Widespread outrage has been expressed since the July 13 verdict that acquitted George Zimmerman of all state charges associated with the Feb. 26, 2012 shooting death of Martin. The 17-year-old Martin was unarmed and returning to a residence where he was staying after what was supposed to have been a quick trip to a neighborhood store. Martin encountered Zimmerman and was shot one time in the heart. Zimmerman, who was 28 years of age at the time of the shooting, claimed he shot Martin in self-defense and was in fear for his life. The six-member all female jury agreed with Zimmerman’s account and acquitted him on second-degree murder and manslaughter charges.
“(The verdict) is a wake up call to us all,” said civil rights attorney and director of the Community Justice Project, . “As a civil rights attorney who knows the law, I was shocked at the verdict.”
Levy-Pounds said justice will only come if the people who are outraged by the verdict remain vigilant.
“A lot of us will leave a rally like this, go home, turn on the TV and act like nothing happened,” said Levy-Pounds. “It’s time to say enough is enough. I’m sick and tired of being sick and tired. We need to refuse to be refused.”
The rally was co-billed as a rally for Martin and also for Terrence Franklin, who was shot and killed by Minneapolis police on May 10. Franklin was accused of burglary and during his arrest officers claim he disarmed an officer and that they shot him in self-defense. Many community activists dispute the officers’ account and are calling for an independent investigation into the shooting.
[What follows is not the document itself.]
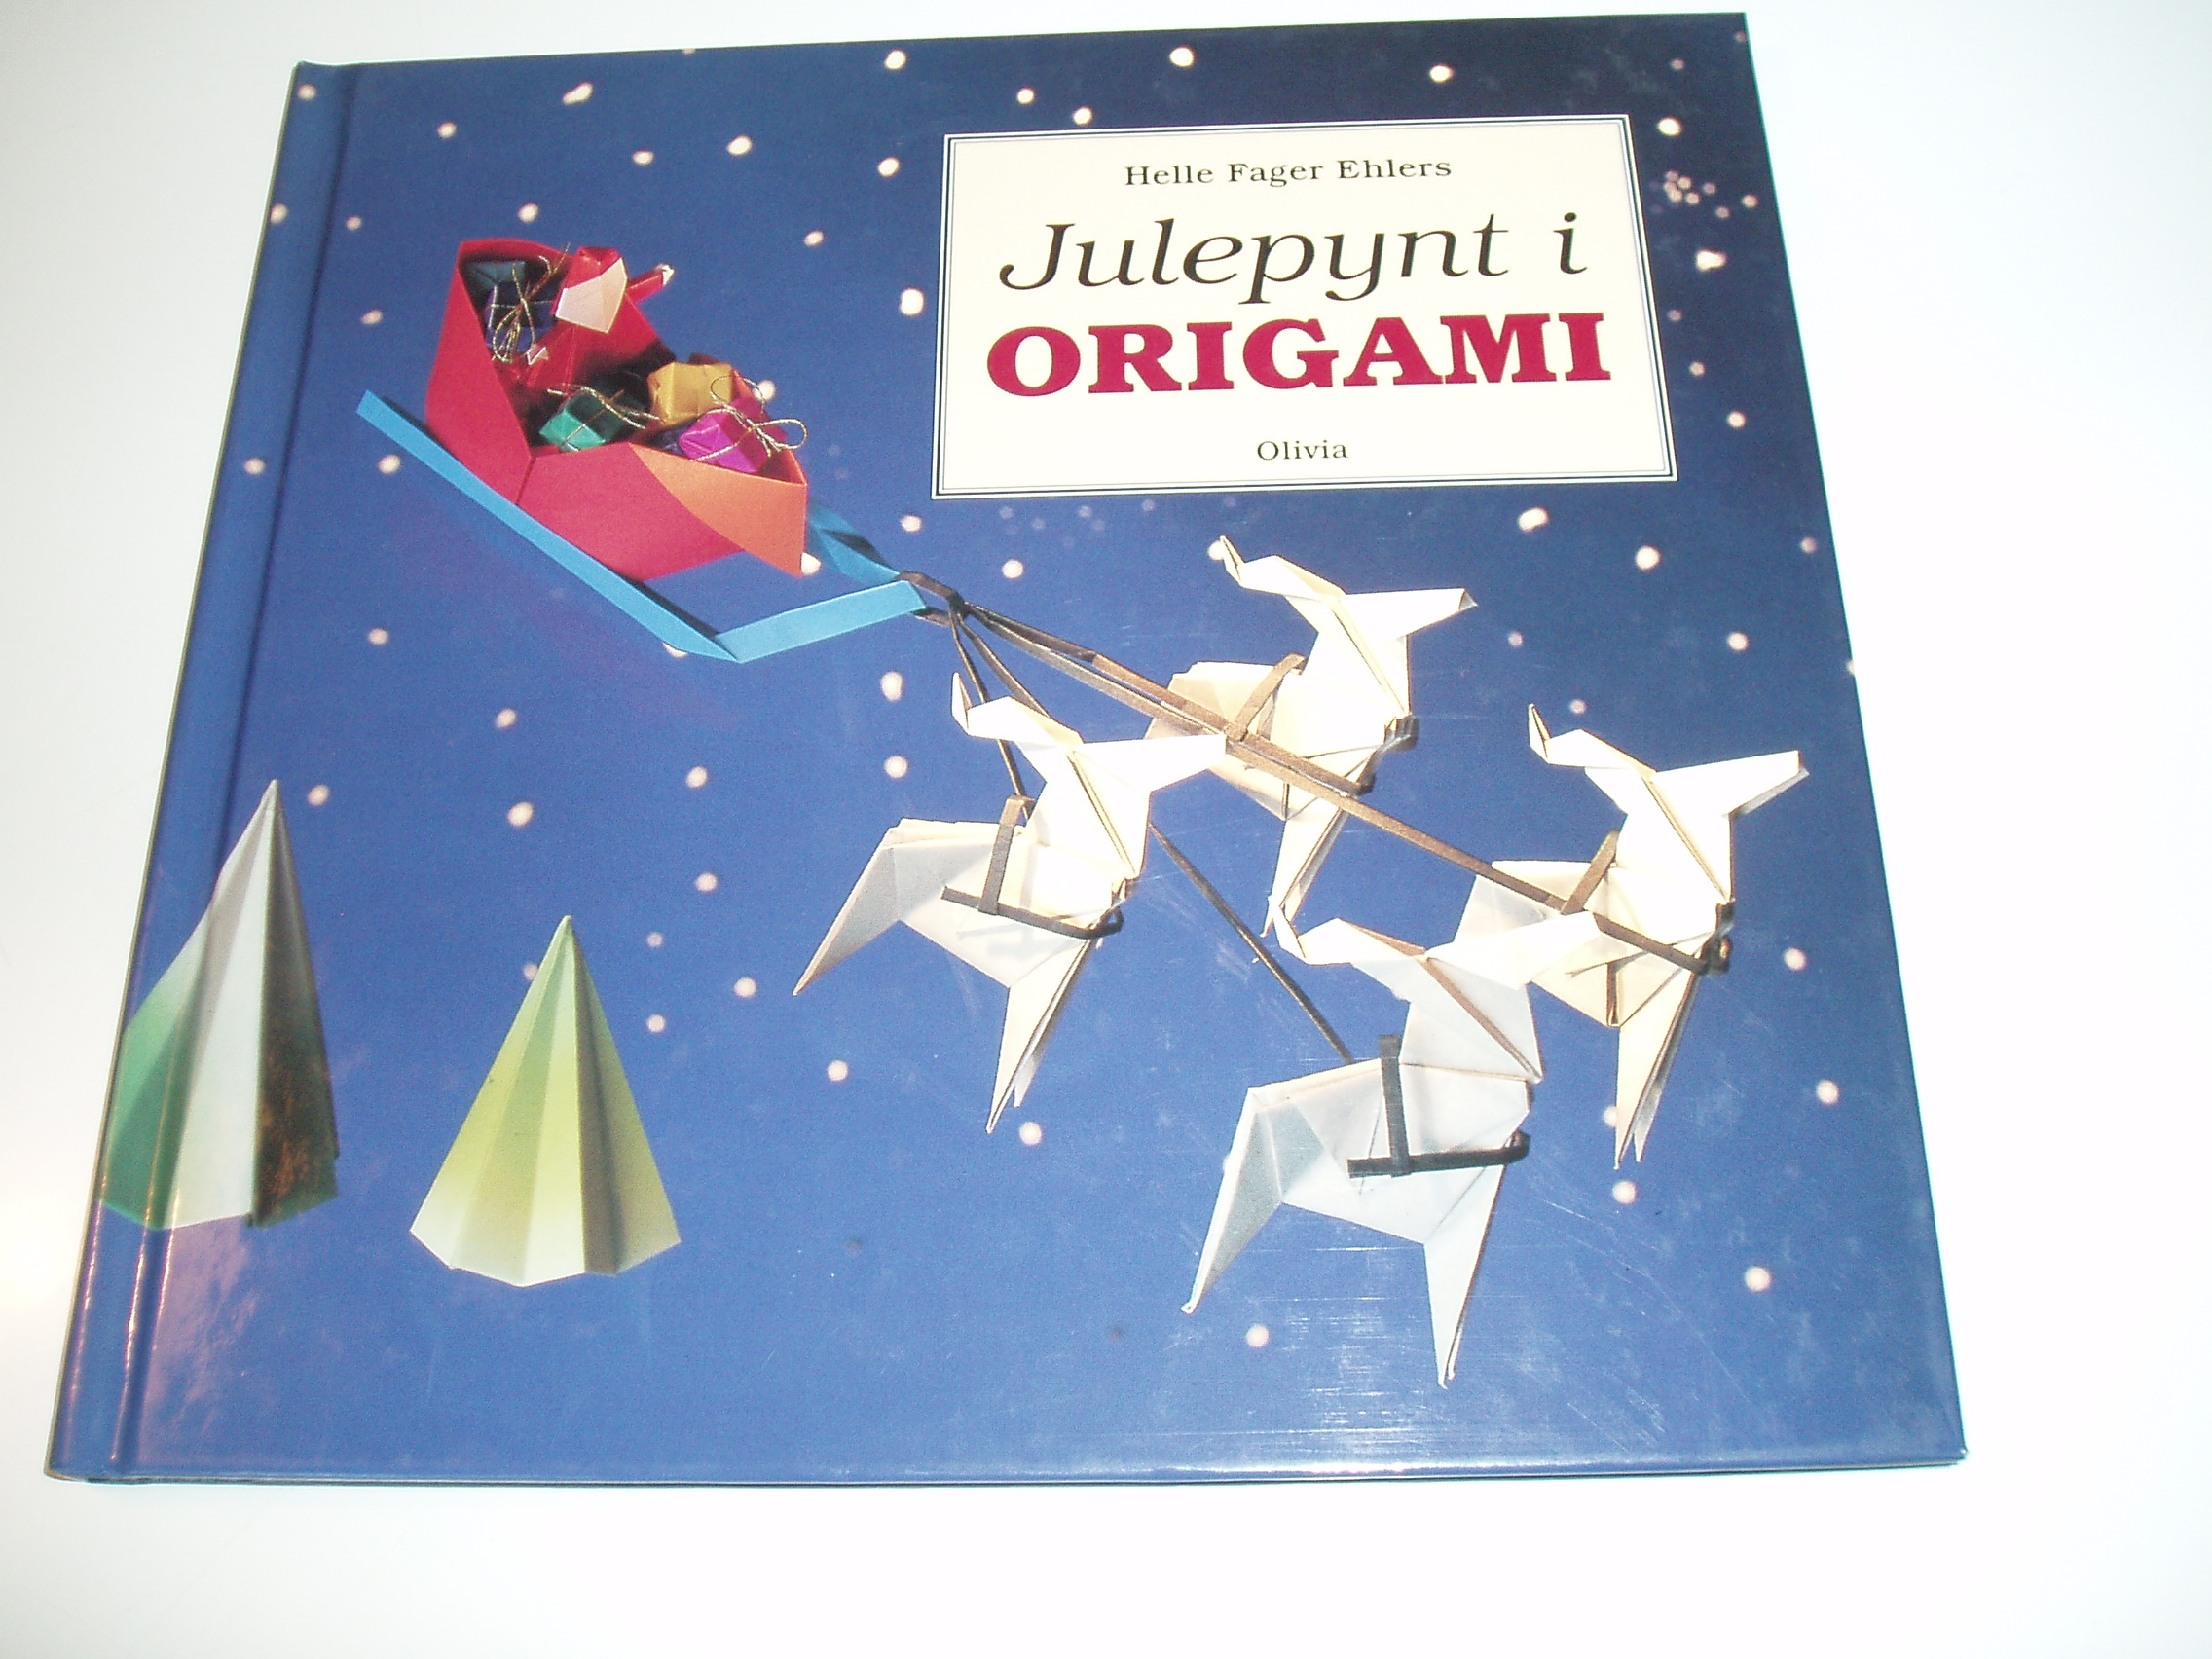 Julepynt i origami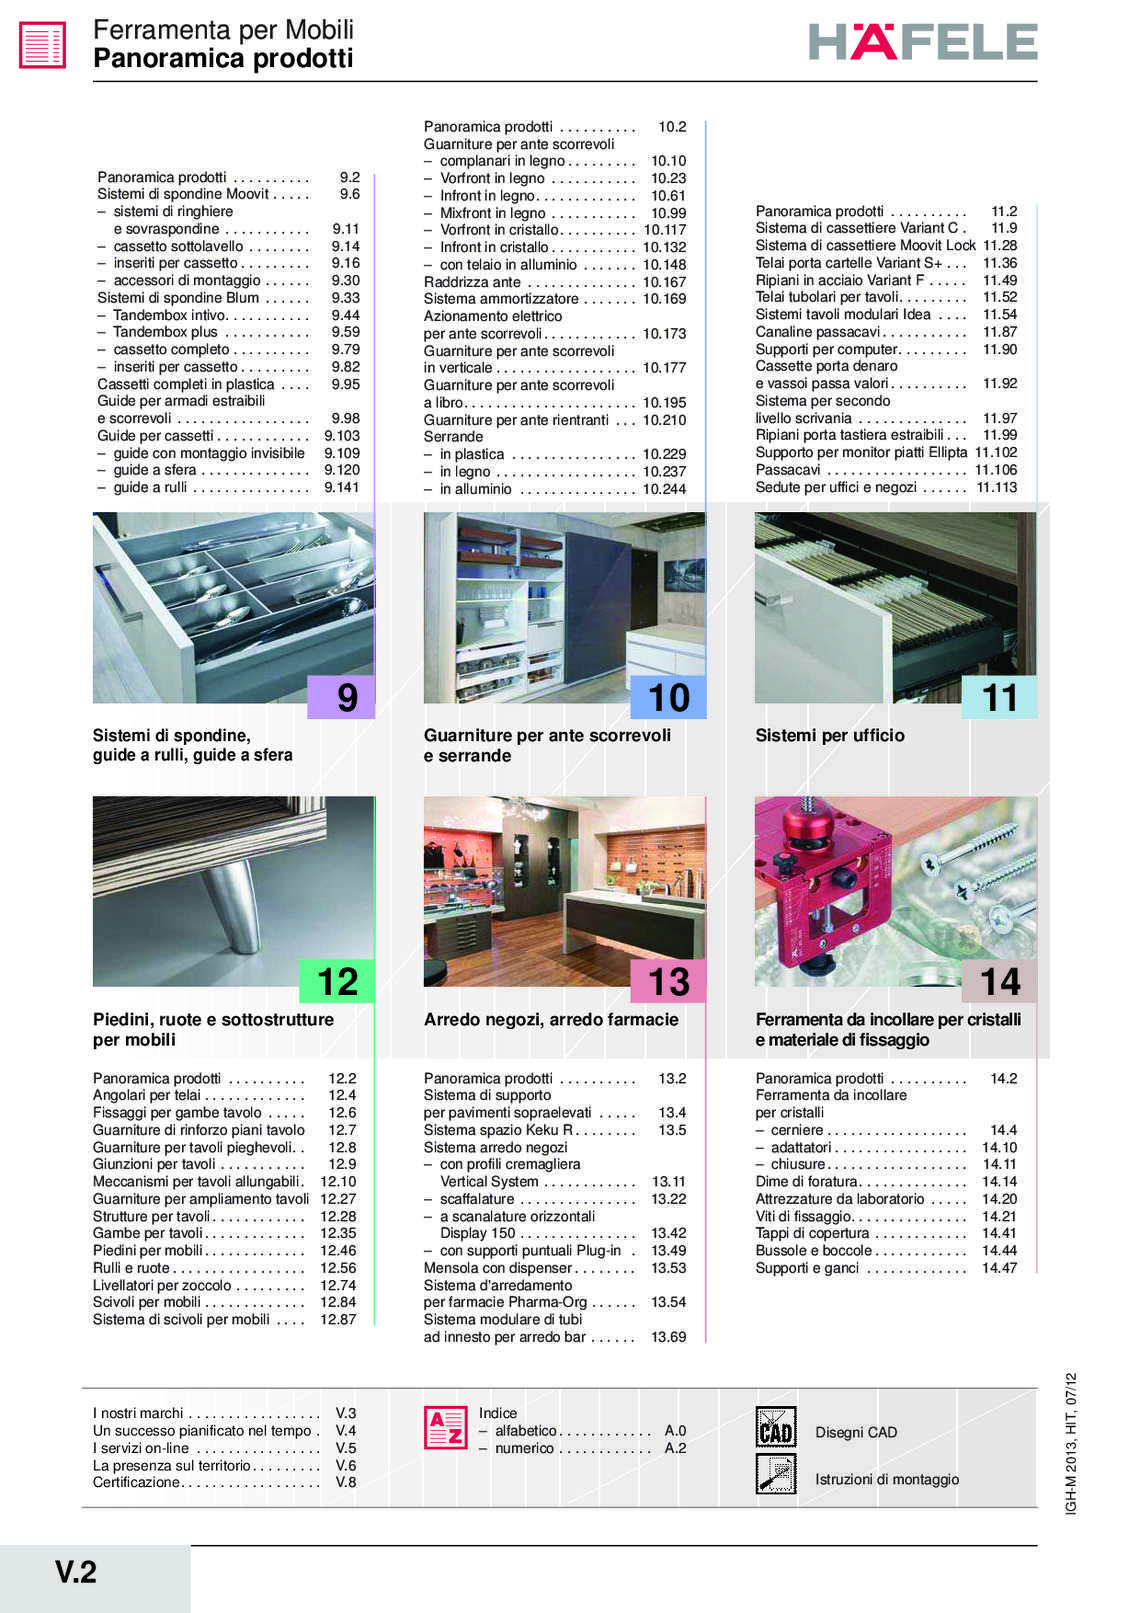 hafele-spondine-e-guide-per-mobili_40_003.jpg

“If we don’t demand the truth we won’t get the truth. If we don’t demand justice, we won’t get justice,” said Levy-Pounds, speaking to a crowd that completely filled the mall outside of the Hennepin County Justice Center and Minneapolis City Hall.
“We’re here for justice, not only for Trayvon and Terrence, but for all youth of color endangered on a daily basis,” said Raees Romero, one of the event organizers. “We want to stop racial profiling and (we want) an end to the school to prison pipeline that exist.”
The rally organizers, Neighborhoods Organizing for Change (NOC), focused on three demands; having the U.S. Department of Justice charge Zimmerman with the violation of Martin’s civil rights, the demand to have Hennepin County Attorney Mike Freeman file charges against the police officer believed to have shot Franklin and an end to the criminalizing of youth of color.
In addition to those three demands, activist Al Flowers called for an investigation into the hanging of 9-year-old Michael Sullivan. The Minneapolis police have called Sullivan’s death “suspicious,” but it has yet to be classified as a homicide.
Ilham Omar was moved to tears as she spoke to the multiracial crowd that gathered.
“I saw a couple of little kids – babies – who held a sign that said, ‘Am I next,’” said Omar. “That sign tore up my heart.”
Omar said those in the crowd need to turn their emotions into action.
“I want you to be angry, but I want you to turn that anger into something positive,” said Omar, the mother of a 7-year-old child. “We need to get organized. We need to infiltrate the system.
Following the rally the nearly 3,000 gathered took to the streets of downtown Minneapolis in a peaceful march. Several streets were forced to be closed off, and traffic had to be diverted.